カリフォルニア州議会は最近、州内の医師・歯科医院を運営するプライベート・エクイティやヘッジファンドに影響を与える法案SB 351を提出した。この法案は、昨年提出された州法案AB 3129の一部と類似しており、同法案は医療施設のプライベート・エクイティ・グループおよびヘッジファンドによる運営を規制対象としていた。 昨年、AB 3129は州議会で可決されたものの、知事の拒否権行使により成立しなかった。SB 351の提出は、医療事業におけるプライベート・エクイティ投資の影響を検証する動きがカリフォルニア州および全米で継続している一環である。
SB 351は何をするのか?
SB 351は、医療提供者が臨床判断と治療選択の主導権を維持することを確保し、州内の医療提供に対するプライベート・エクイティやヘッジファンドの影響力や支配力を制限することを目的としている。
SB 351は、企業による医療・歯科診療の禁止に関する既存の指針を法典化し強化するものである。具体的には、カリフォルニア州の医師または歯科診療所と何らかの形で関与するプライベート・エクイティ・グループまたはヘッジファンドが、医療上の判断における専門的判断への干渉、または特定の診療業務の管理権行使を禁止する。
提案されている法案では、禁止される活動には以下が含まれる:特定の病状に適した診断検査の決定;他の医療提供者への紹介の必要性の判断;患者の最終的な治療方針や選択肢に対する責任;一定期間における患者診察回数や医師・歯科医師の勤務時間の決定。 診療所に対する支配権の行使には、以下の活動が含まれる:患者医療記録の所有または内容の決定;臨床能力に基づく医師、歯科医師、医療関連スタッフ、医療助手の選任、雇用、解雇;第三者支払機関との契約条件の設定;他の医師または歯科医師との診療提供契約条件の設定;コーディングおよび請求に関する決定;医療機器・消耗品の選定承認。
さらに、SB 351は、プライベート・エクイティ・グループまたはヘッジファンドが、医療提供者または診療所が競争的活動に従事することを制限する能力を制限する。
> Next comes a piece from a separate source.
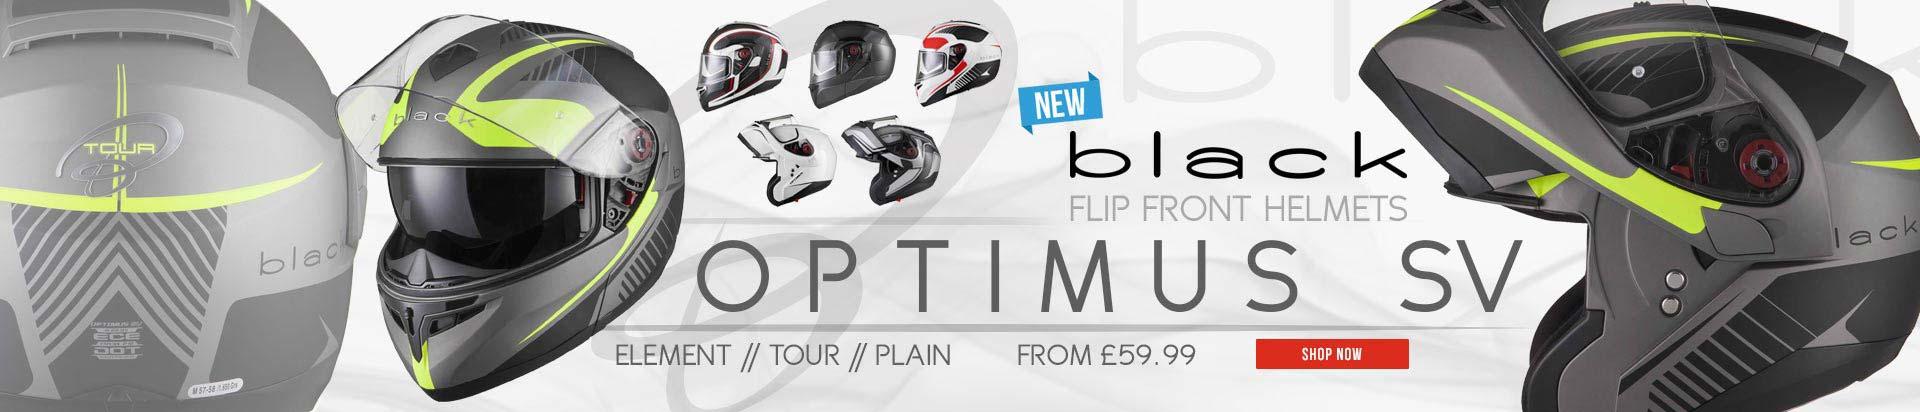 Black Optimus SV Flip Front Helmet
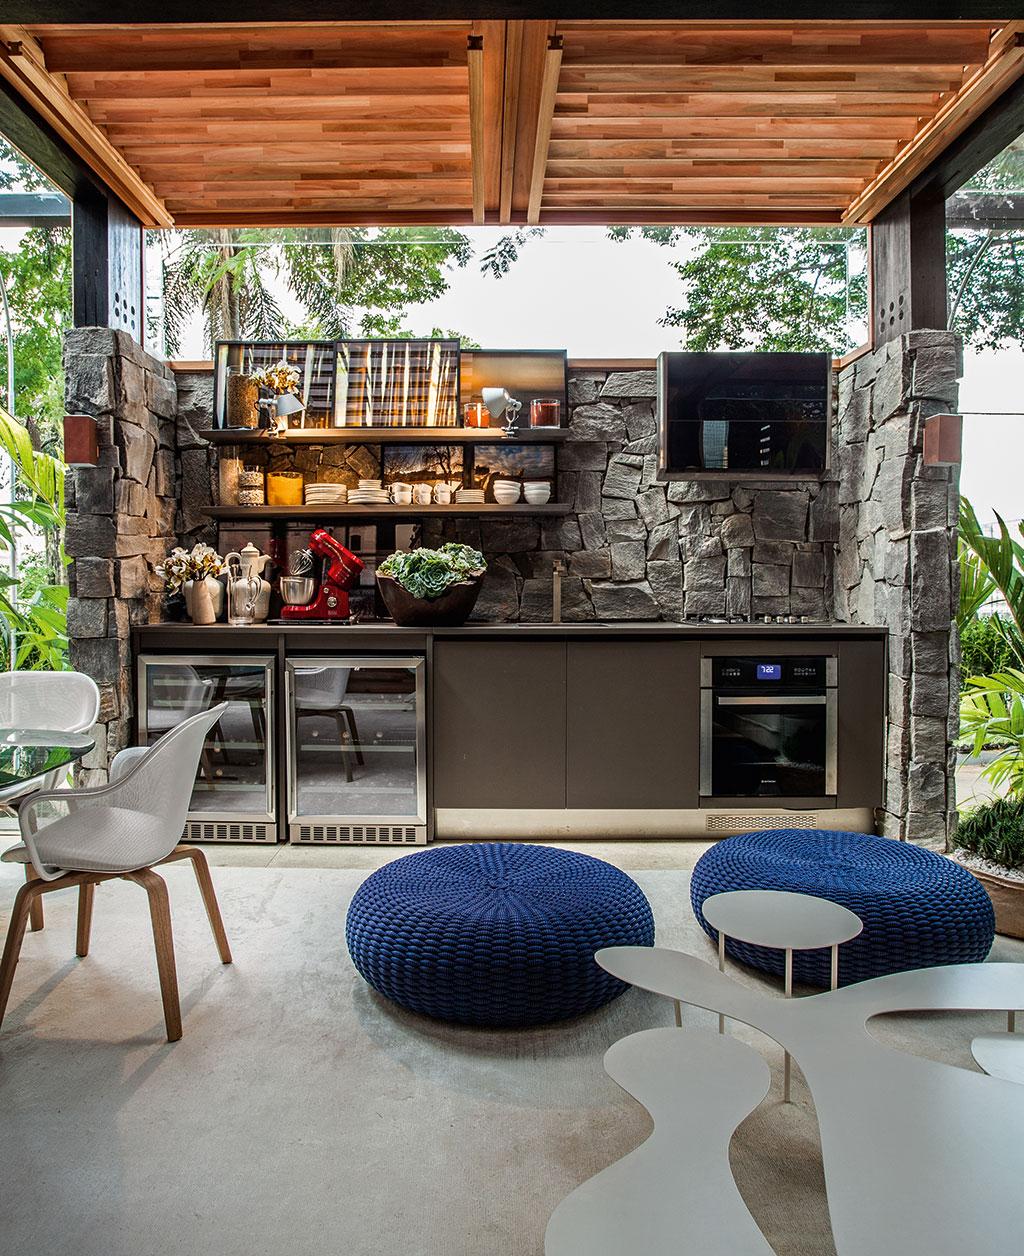 Ana neuber design de interiores cozinhas lindas modernas for Casa moderna tecnologica

SB 351は、当該提供者が当該診療所を離職または辞任した場合に、プライベート・エクイティ・グループまたはヘッジファンドが、診療所の提供者が診療所と競合することを明示的または黙示的に禁止することを禁止する。 本法案はまた、医療・歯科診療における医療の質、利用状況、倫理的・専門的変化、あるいは私募投資グループやヘッジファンドが採用する収益増加戦略に関する問題について、提供者が中傷、意見表明、またはコメントすることを私募投資グループやヘッジファンドが禁止することを禁止する。カリフォルニア州司法長官は、SB 351の規定を執行するための差止命令その他の衡平法上の救済措置を請求する権利を有する。
SB 351には、医師および歯科診療所の経営に関するAB 3129に含まれていた規定の一部が盛り込まれているが、AB 3129ほどの広範な制限は含まれていない。特に、SB 351では、特定のプライベート・エクイティによる医療取引について、カリフォルニア州司法長官への通知および同意を義務付けていない。 またSB 351は、精神科診療所へのヘッジファンドまたはプライベート・エクイティの関与には適用されない。適用範囲は、医師または歯科診療所へのプライベート・エクイティまたはヘッジファンドの関与に限定されている。
次に何が起こるのか?
SB 351は今年も引き続きカリフォルニア州議会で審議され、その過程でさらなる修正が加えられる可能性がある。AB 3129と同様に、SB 351も十分な支持を集め、カリフォルニア州議会で可決される可能性がある。
カリフォルニア州における本法案の再提出は、全米規模で医療事業への民間投資が継続的に注目されていること、および制限条項の制約が示されている。カリフォルニア州の管理組織および専門職団体は、適用される法律および既存の企業慣行上の制限事項への準拠を確保するため、現行の契約内容を見直すべきである。カリフォルニア州議会がこれらの問題への対応に関心を寄せ続けていることを踏まえ、SB 351の制限事項に先手を打って対応を調整することが賢明かもしれない。当社はSB 351の進捗状況を引き続き追跡する。